The daylight half of the exoplanet sees temperatures reach more than 2700 degrees celsius. With the sunscreen, or titanium oxide, precipitation only occurs on the permanent dark side of the planet, leaving the sizzling hot side without protection.
Beatty's team targeted planet Kepler-13Ab because it is one of the hottest of the known exoplanets. The study team thinks that strong winds carry the planet's titanium dioxide around to the nightside, where the stuff cools and condenses into clouds. The planet it tidally locked in rotation around its star, which means that it rotates so that the same side of the planet it facing the sun at all times, similar to how the dark side of the moon is perpetually facing away from our own planet.
"In many ways, the atmospheric studies we're doing on hot Jupiters now are testbeds for how we're going to do atmospheric studies on terrestrial, Earth-like planets", said lead researcher, Thomas Beatty.
The intense gravity of the exoplanet removes titanium oxide from its upper atmosphere.
A group of astronomers from Penn State University suggest that this particular ingredient snows on the side of the planet which remains completely dark and is not exposed to its host star. The study, which definitively proves that the universe has a great sense of humor, could one day be used to inform astronomers trying to judge the habitability of atmosphere-hosting Earth-sized planets. "Understanding the atmospheres on these planets and how they work, which is not understood in detail, will help us when we study these smaller planets that are harder to see and have more complicated features in their atmospheres". "When looking at these planets, you need to know not only how hot they are, but also what their gravity is like".
"Hot Jupiters provide us with the best views of what climates on other worlds are like".
Even at their much colder temperatures, most of our solar system's gas giants have warmer temperatures at higher altitudes. "Due to the relatively high mass and surface gravity of Kepler-13Ab, we suggest that the apparent lack of an inversion is due to cold-trap processes in the planet's atmosphere". Then, it precipitates as snow and penetrates into the lower layers of the atmosphere.
Instead, they planned to note the day-side atmospheric temperature of the planet as it travelled behind its star during an event which is called secondary eclipse.
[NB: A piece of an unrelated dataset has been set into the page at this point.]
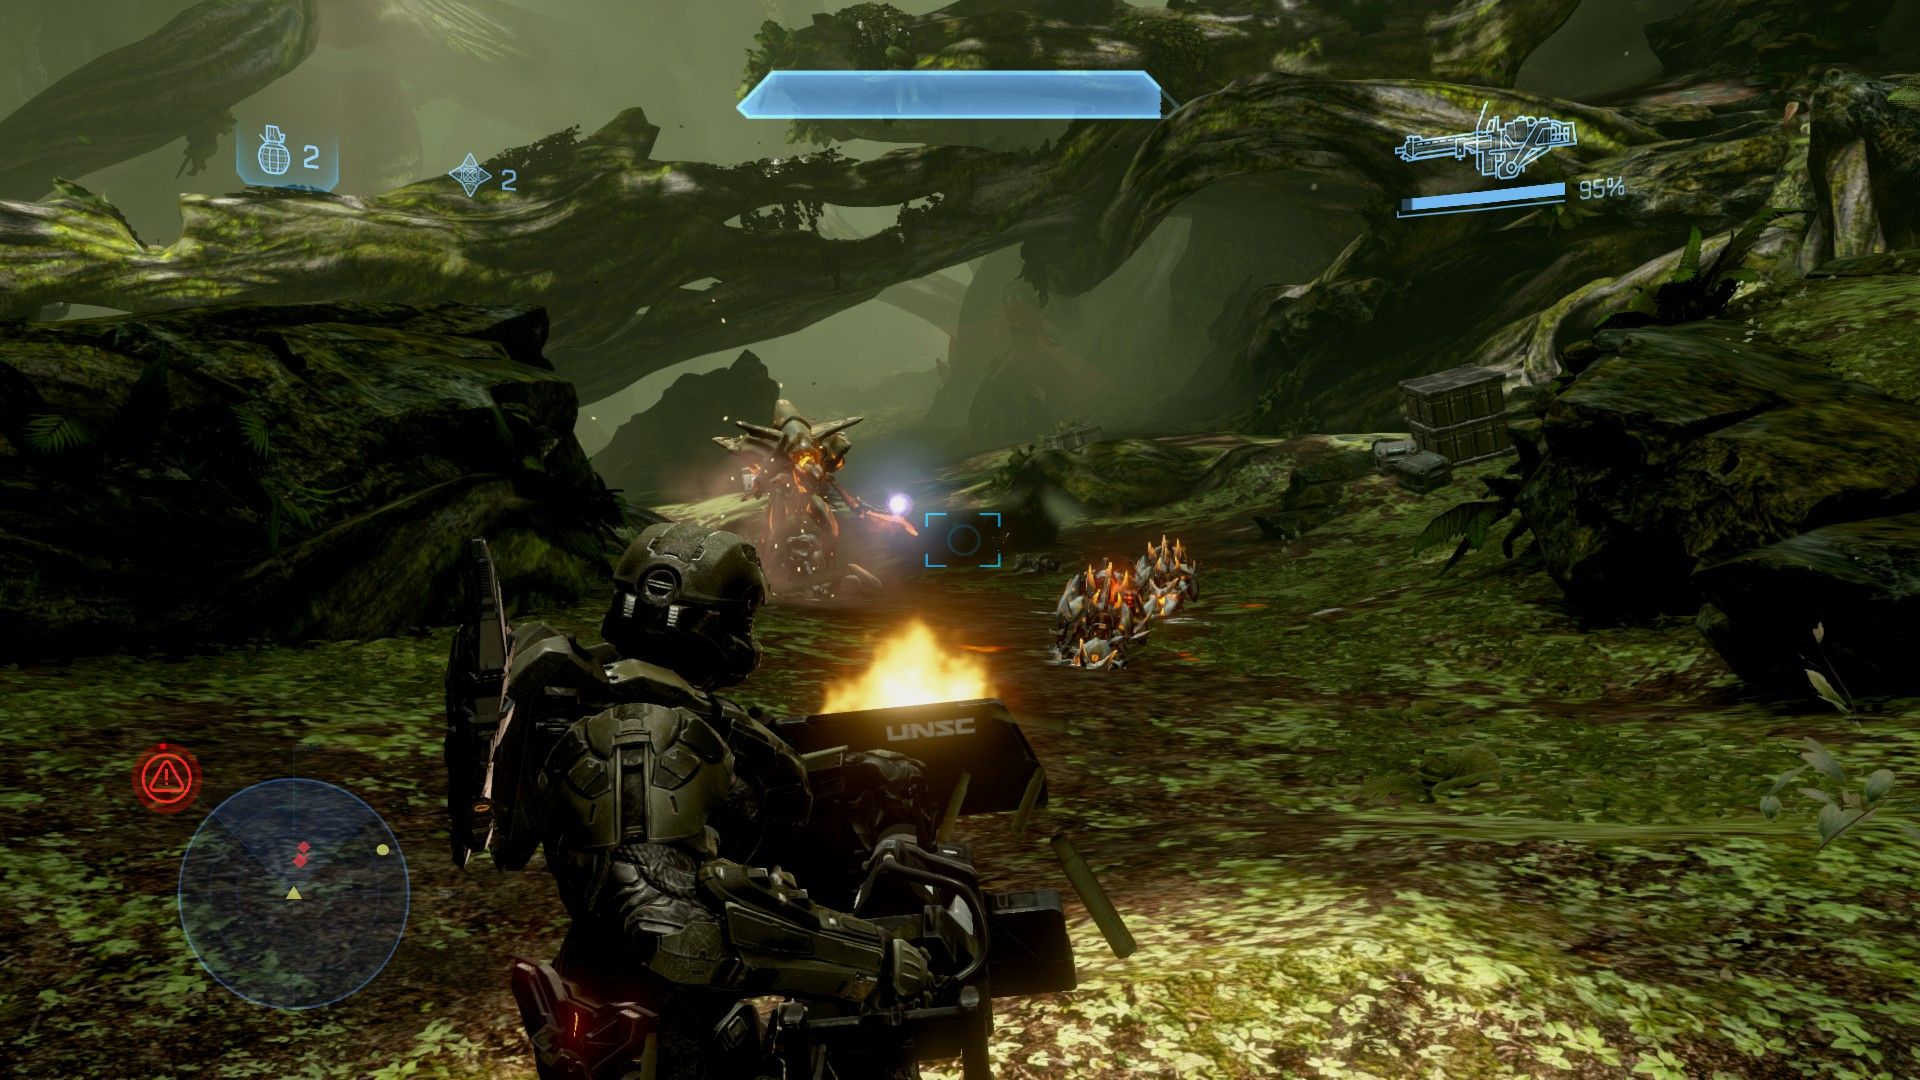 Halo 4 PC Review A NearPerfect Ending

The Hubble Space Telescope is a project of worldwide cooperation between NASA and ESA (European Space Agency).
'Seeing this cold-trap process in action provides us with a long sought and important piece of that puzzle'. "Hubble observations of the planet's atmospheric temperature profile represent the first time astronomers have detected this precipitation process, called a 'cold trap, ' on an exoplanet".
This type of eclipse yields information on the temperature of the constituents in the atmosphere of the exoplanet's dayside.